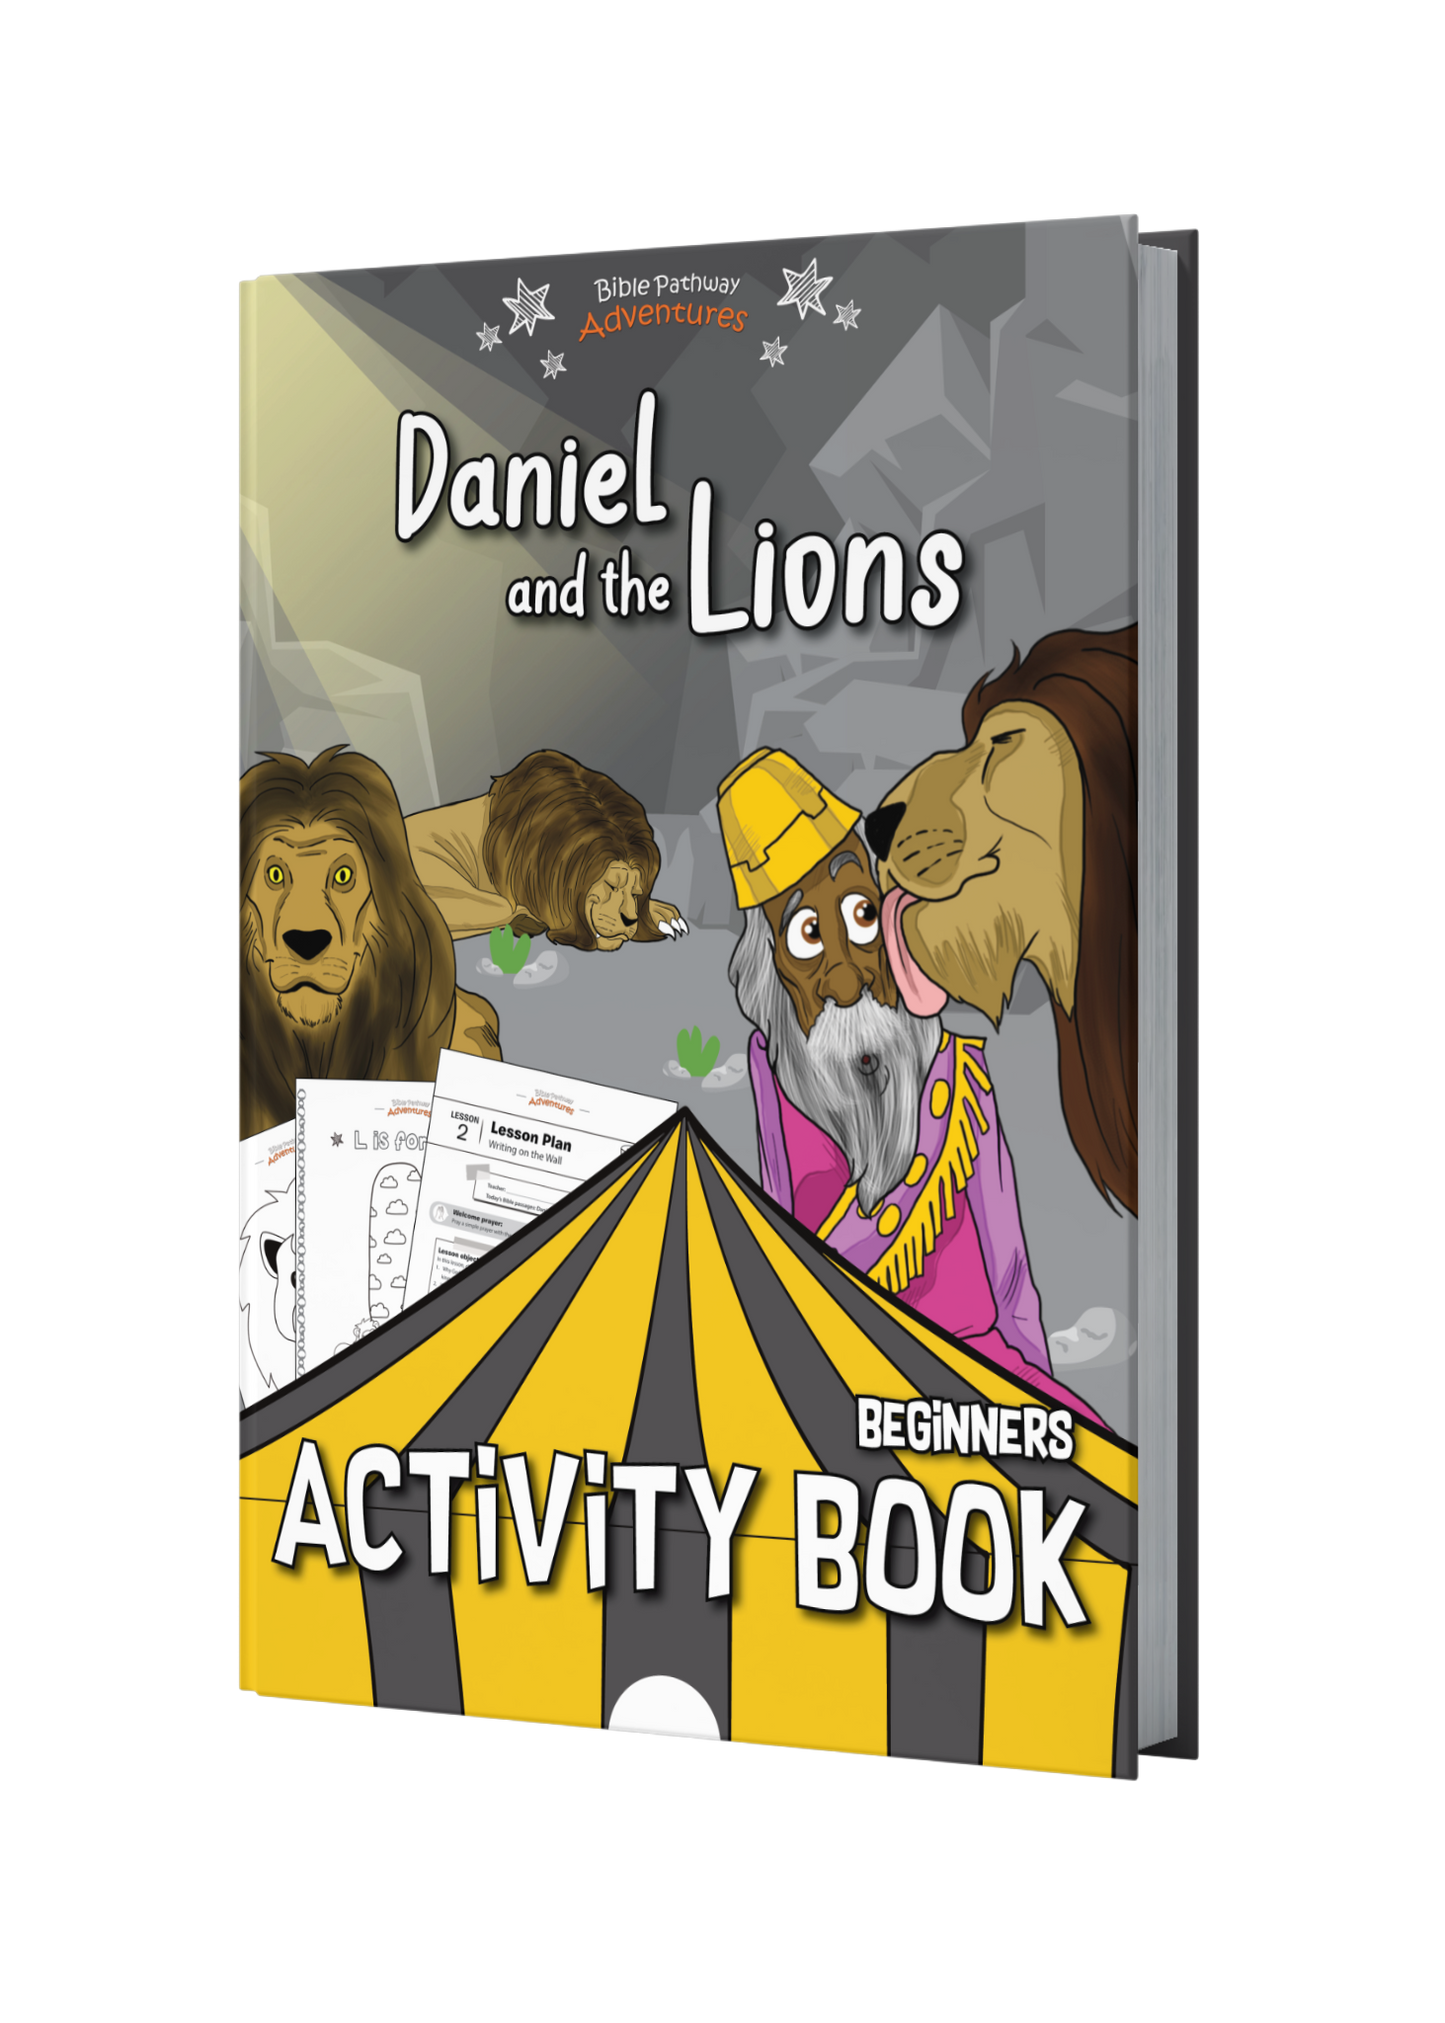 Daniel and the Lions Bible study book cover
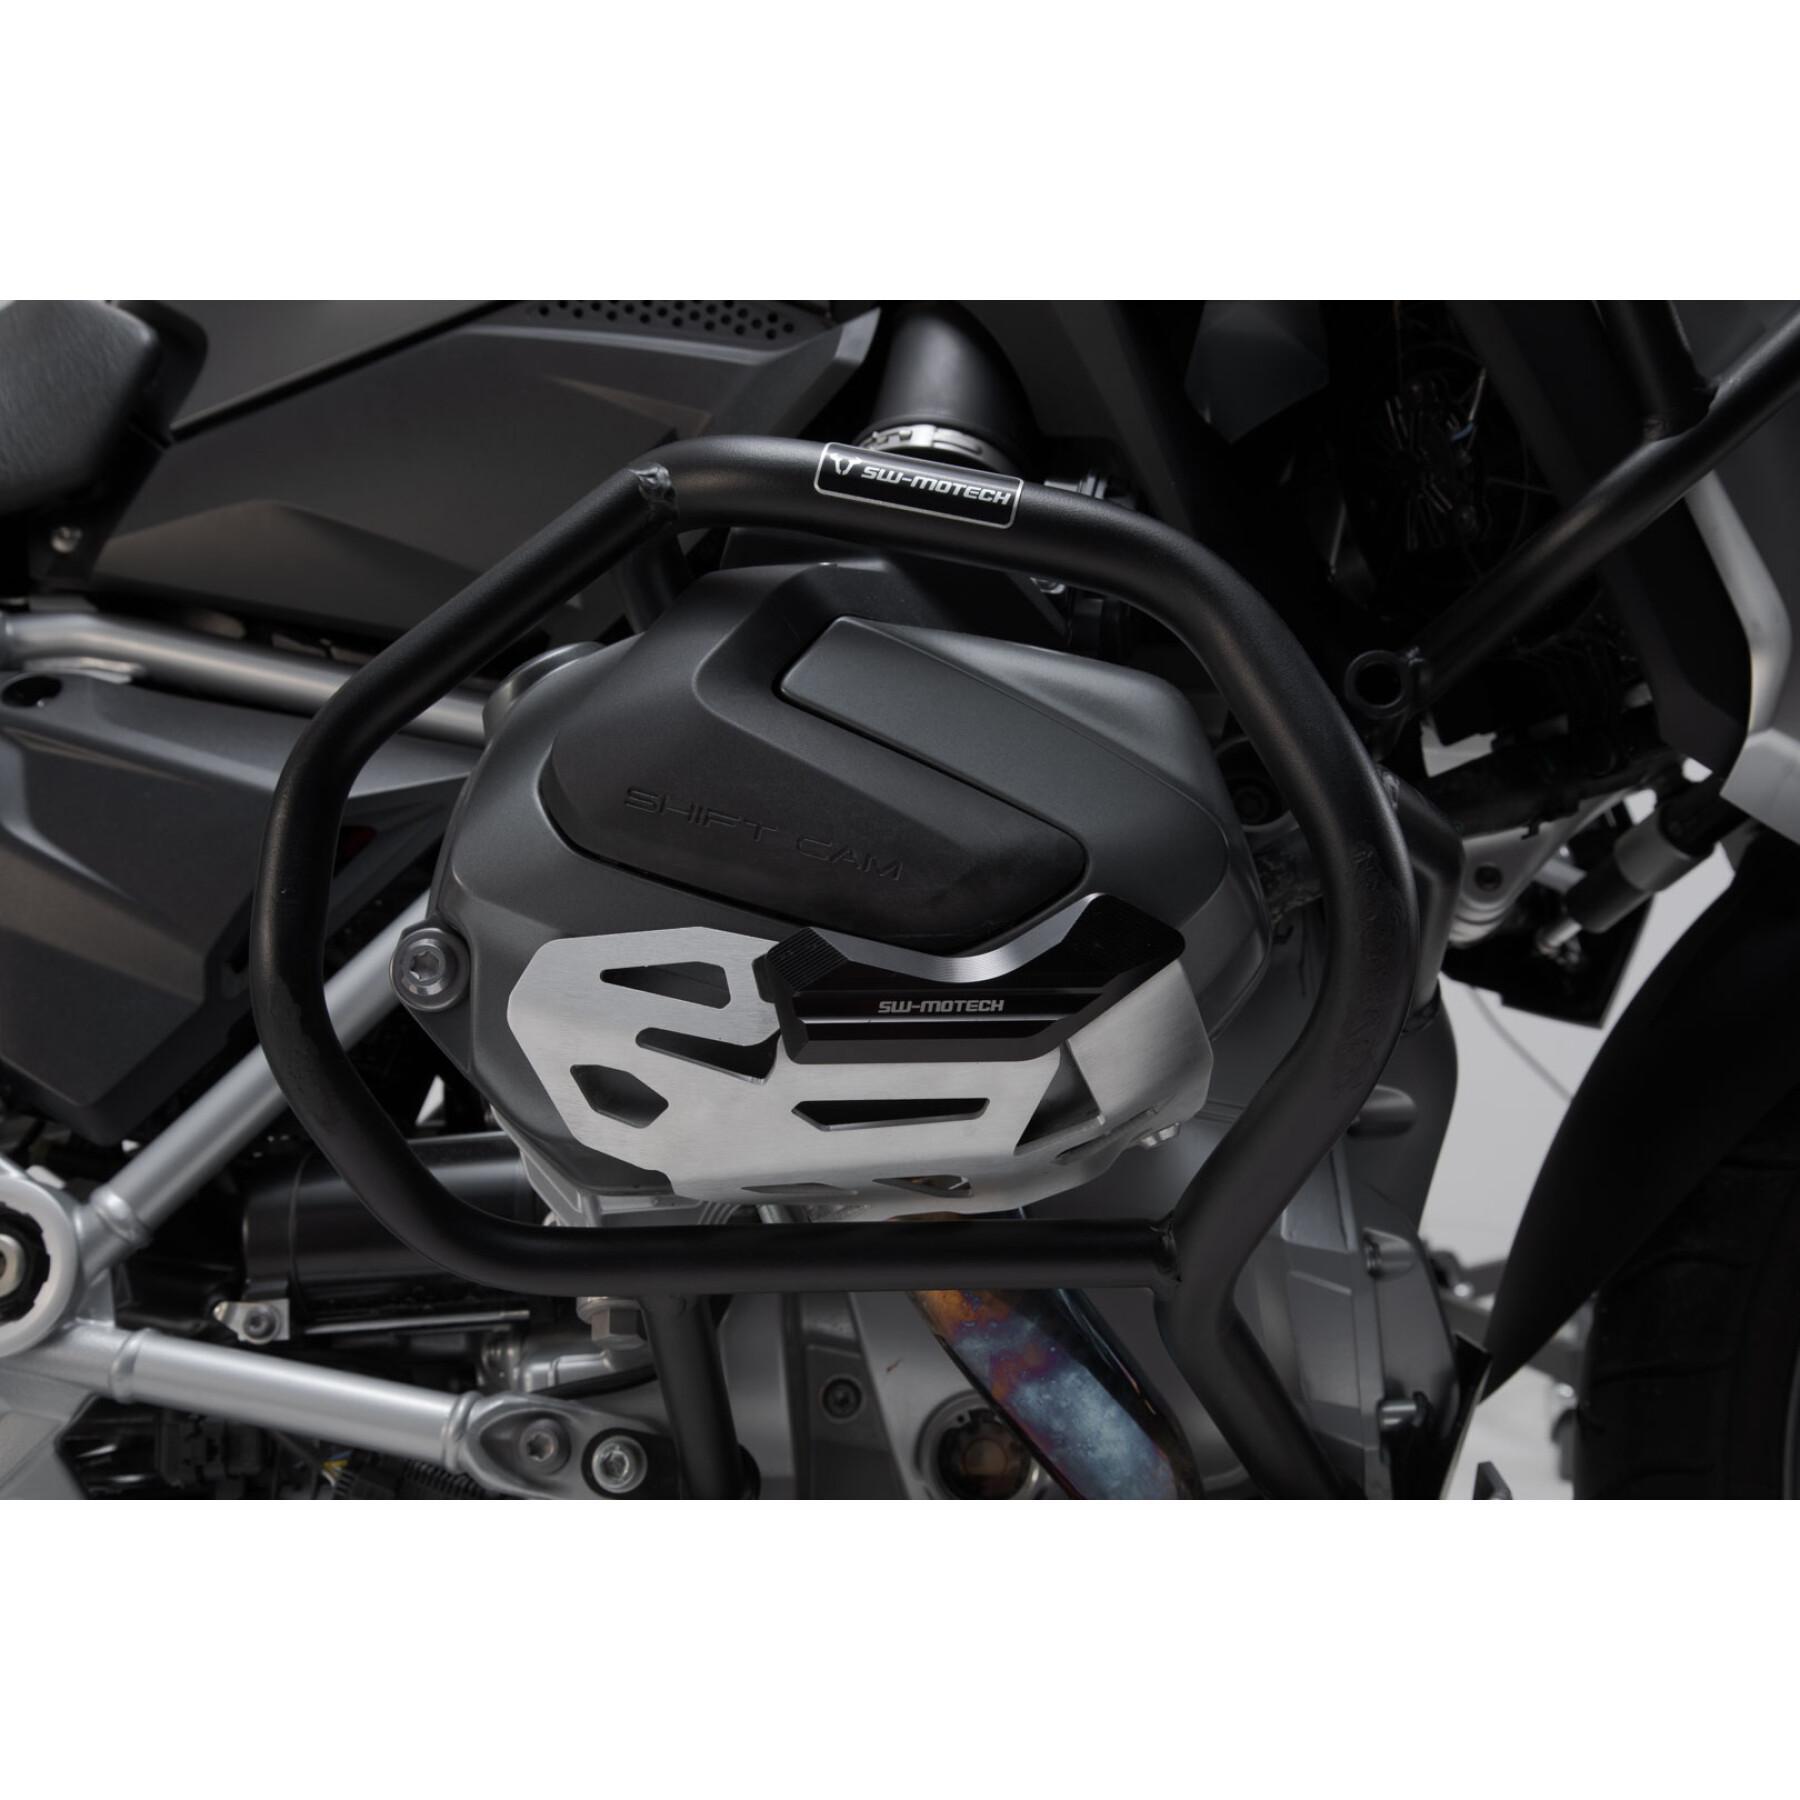 Protection de cylindre SW-Motech /.Bmw R 1250 GS/Adv, R 1250 RS/ RT.
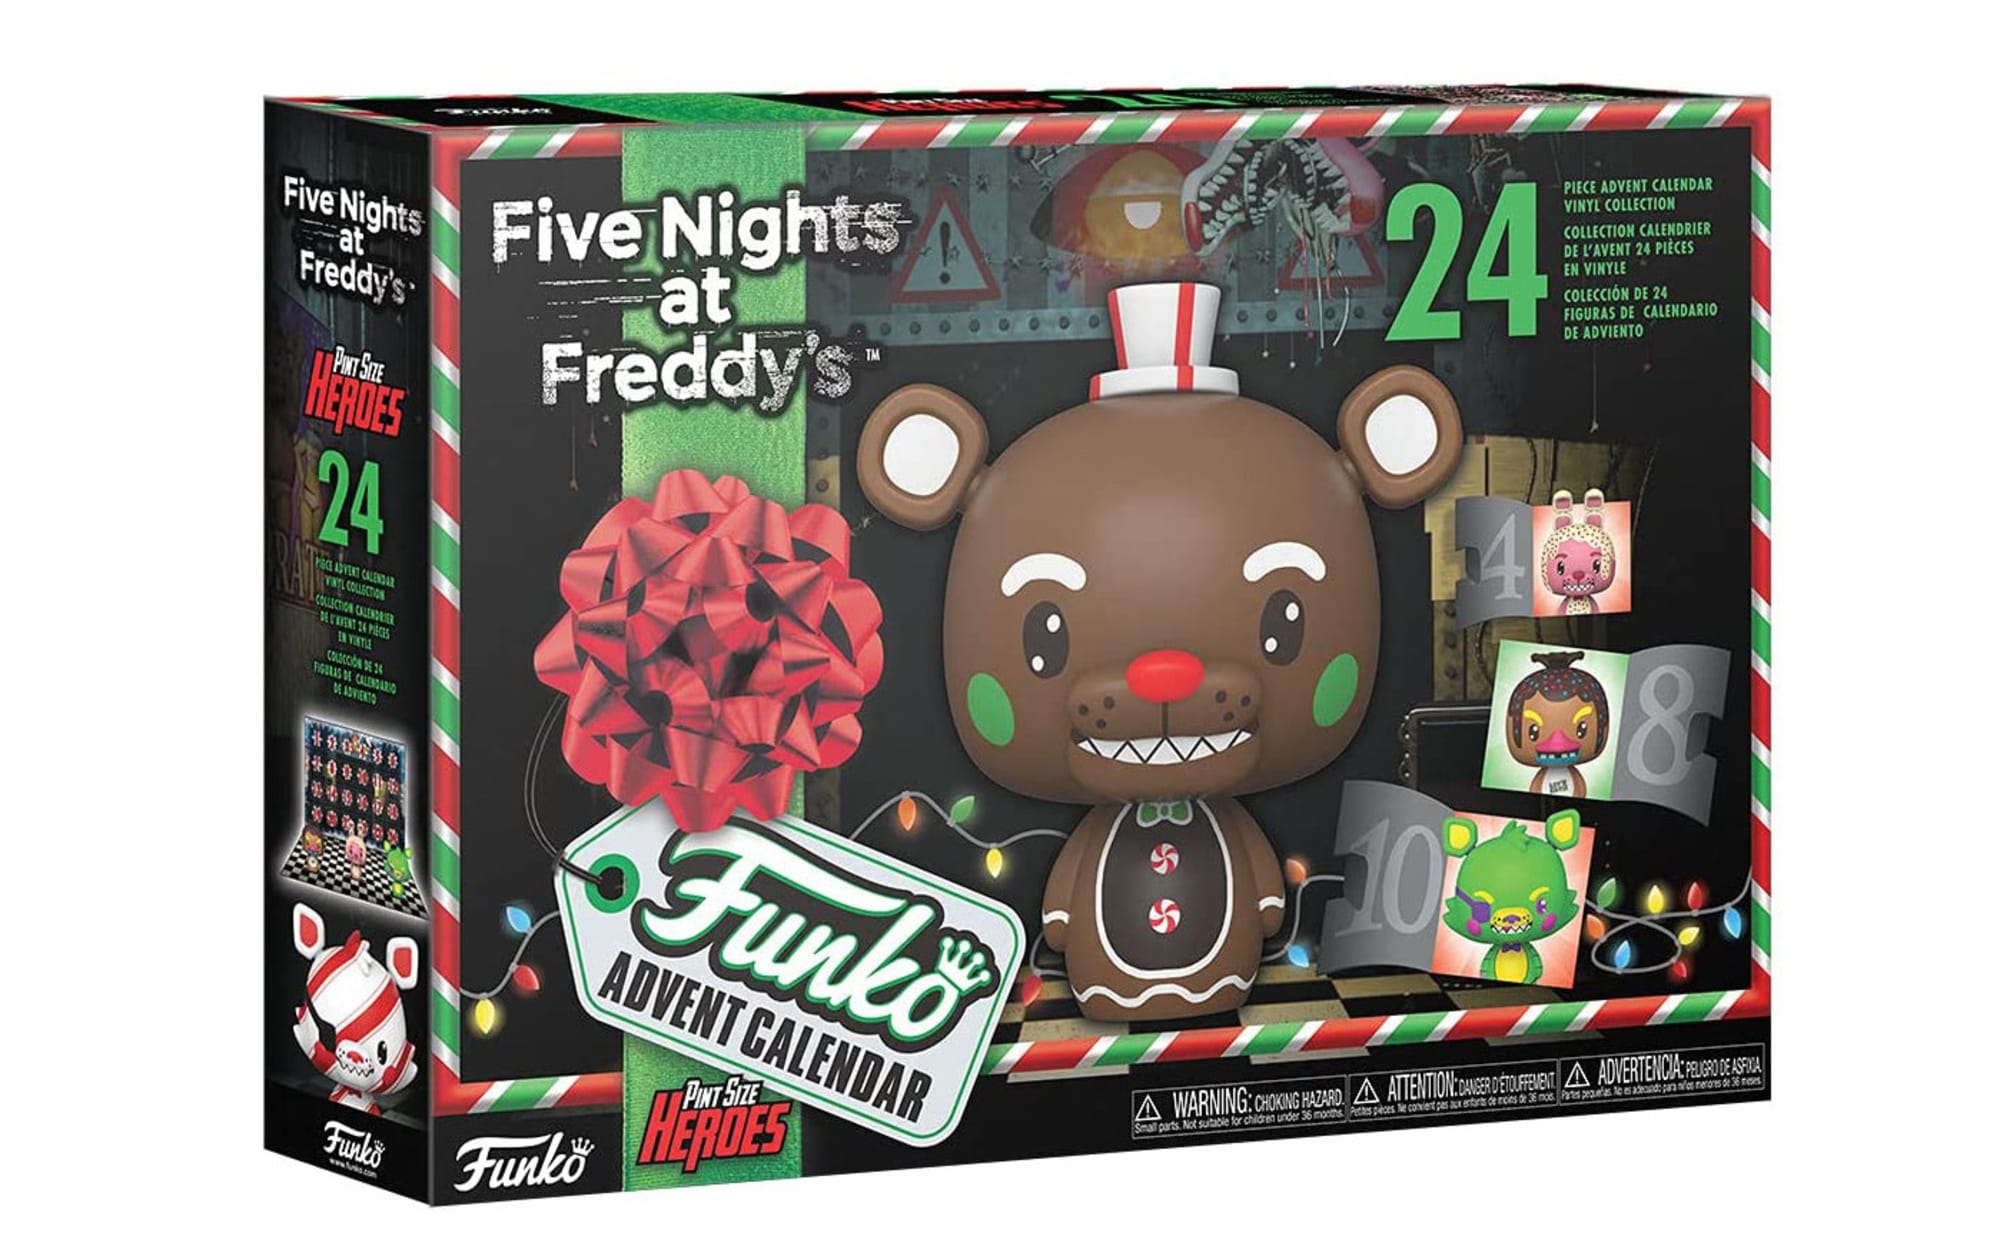 Enjoy the holidays with Funko’s Five Nights at Freddy’s Advent calendar
========================
## What is being asked
Pictures are to be omitted. Print exactly the lines from the line containing "Protection de cylindre" through the final line of the material above, both included.

## Answer section
 Protection de cylindre SW-Motech /.Bmw R 1250 GS/Adv, R 1250 RS/ RT.
 Enjoy the holidays with Funko’s Five Nights at Freddy’s Advent calendar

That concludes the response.